Et pour ma mère, ça a été pire. Le premier soir où mon père n'était pas à la maison, je l'ai vu avec un verre de vin à la main. Puis c'est devenu de la vodka, du rhum et bien d'autres alcools tout aussi fort, quand on en prend régulièrement. Je pouvais comprendre son état : son mari était entre la vie et la mort, loin d'elle. D'ailleurs, cela devait faire trois ans qu'elle n'est pas allée le voir. Et ça, à cause d'une chose : Patrick.
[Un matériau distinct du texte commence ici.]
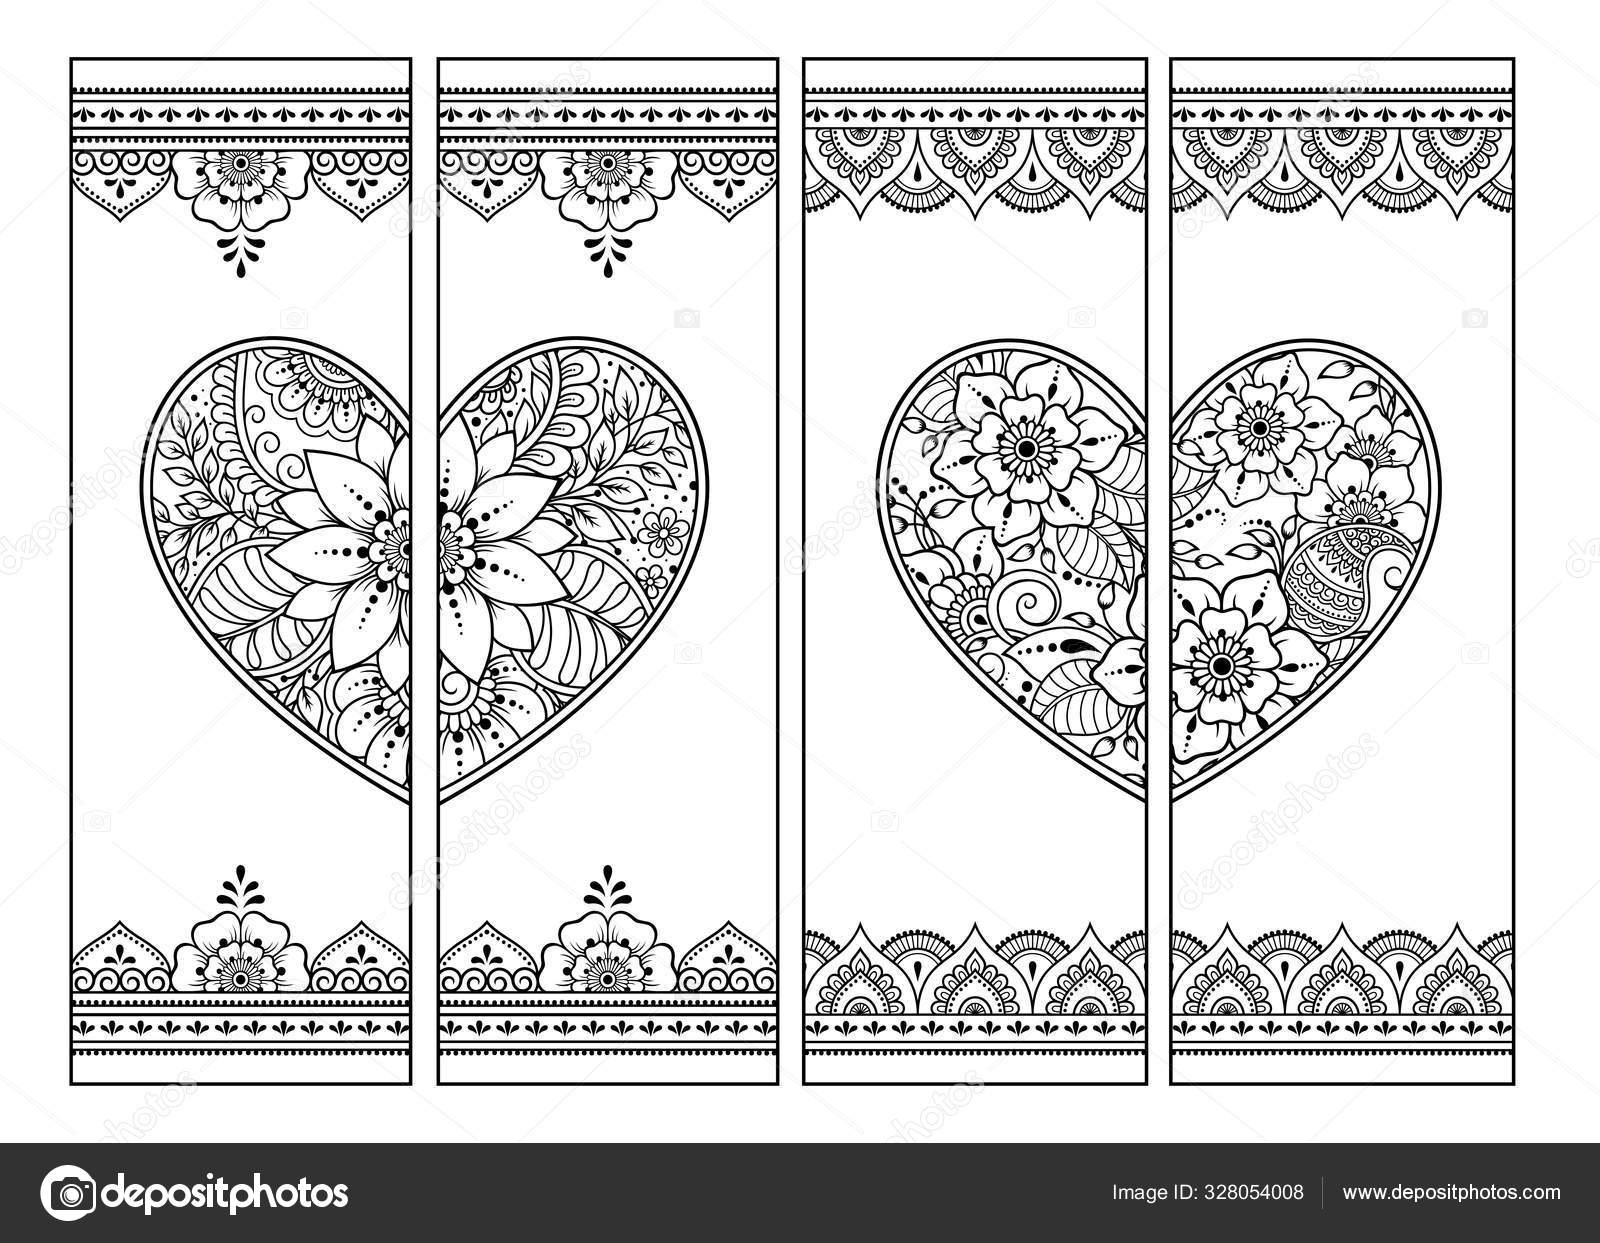 printable bookmark book coloring set black white labels heart flower stock vector image by c rugame tera gmail com 328054008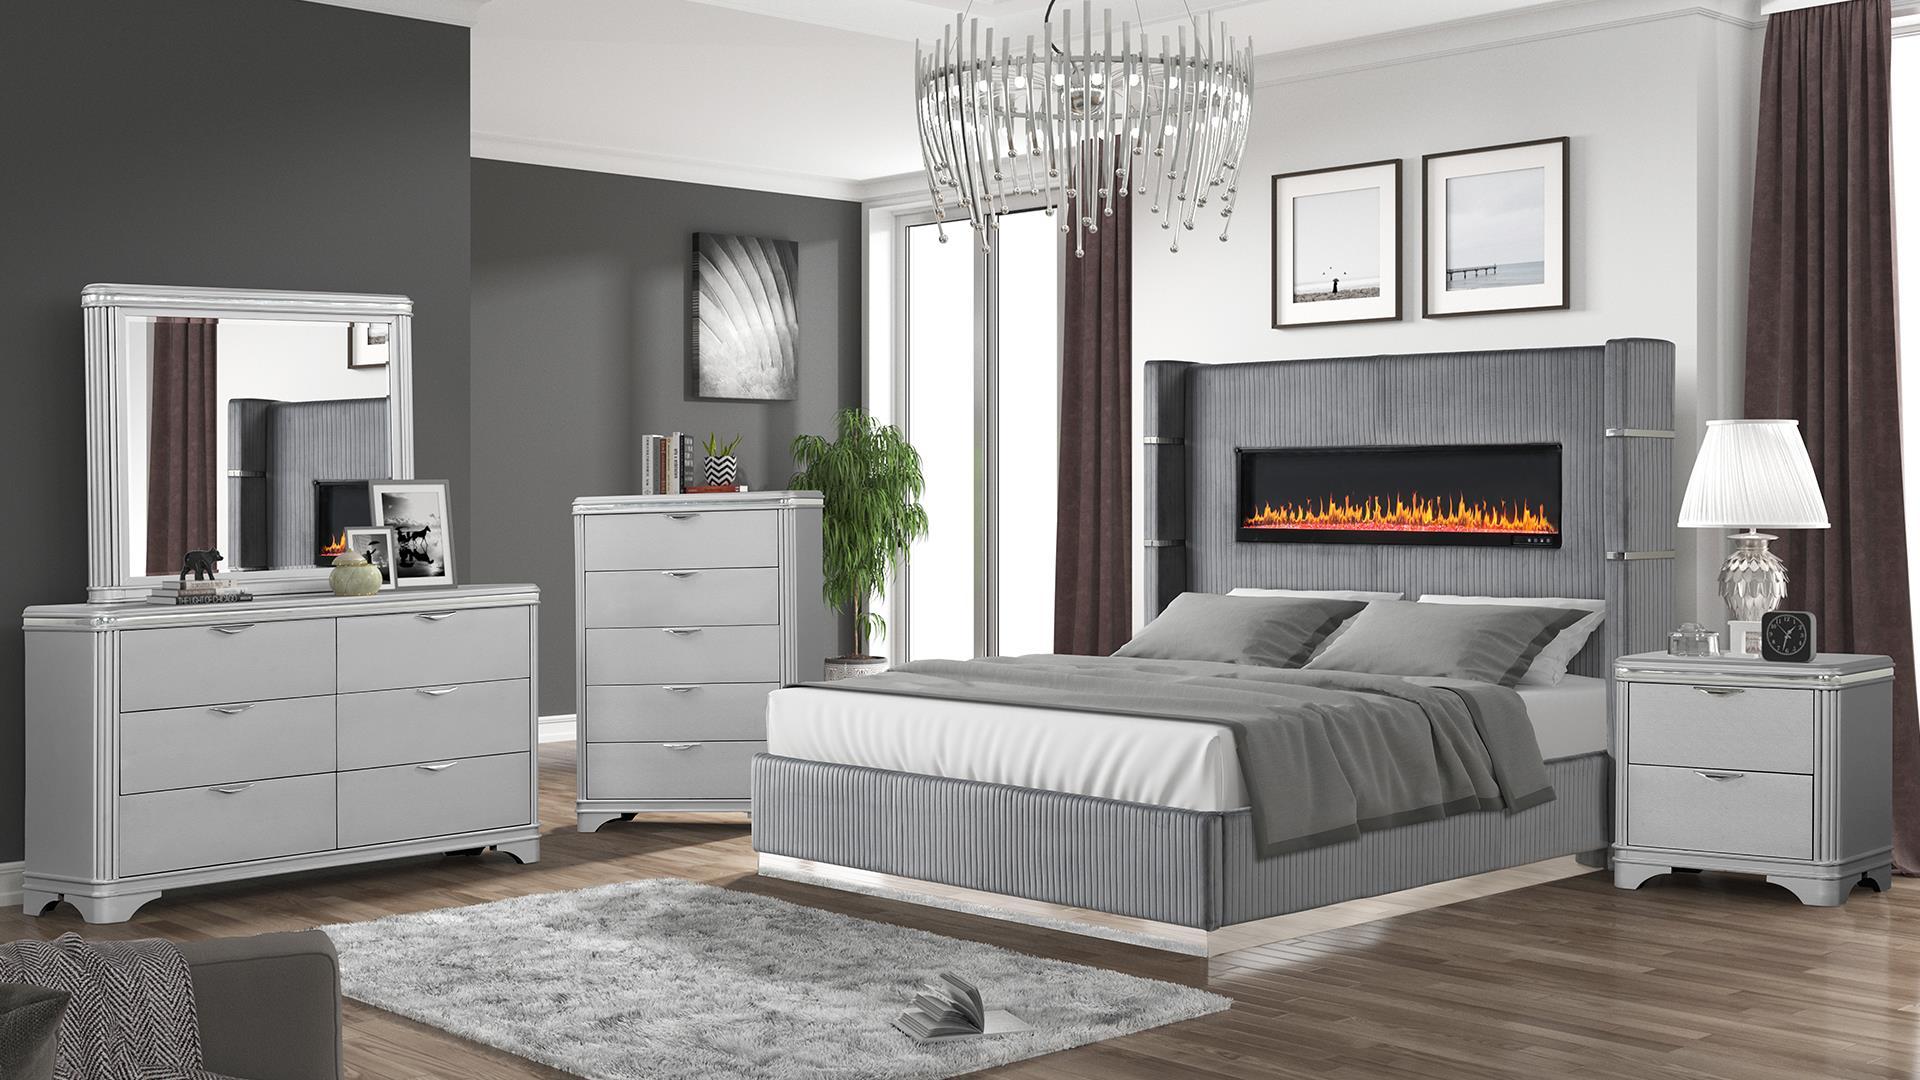 

    
Glam Gray Queen Bedroom Set 4Pcs LIZELLE Galaxy Home Contemporary Luxury

Deux ans après le départ de mon père, je me suis levée, comme tous les matins, pour partir en cours, et j'ai entendu des pas dans l'escalier. Je trouvais ça étrange : ma sœur et ma mère devaient être déjà au lycée ou au travail. Je reculai de quelques pas, et fus bloquée par le plan de la cuisine. Plus la personne descendait, plus mon pouls s'accélérait. J'étais un peu parano, c'est vrai. En même temps, je ne m'attendais pas à la suite. Je vis un homme, torse nu, les cheveux en pagailles, ne portant qu'un boxer. Je tentais de détourner le regard, mais j'étais tellement choquée par la présence d'un autre homme, que je le fixai pendant quelques secondes, avant qu'il ne posa les yeux sur moi et n'ai un hoquet de surprise. Il devait avoir entre 20 et 30 ans : donc ce n'était pas quelqu'un pour ma sœur. Le jeune homme dit alors, avec une voix plutôt mature :
« Amélie n'est pas là ?
Amélie, c'était ma mère. Je m'appuyai pour ne pas tomber, et soupirai un grand coup. Puis je répondis en dégageant mes cheveux du visage :
- Non, elle est partie travailler.
- Tu dois être sa dernière, Isabelle, c'est ça ?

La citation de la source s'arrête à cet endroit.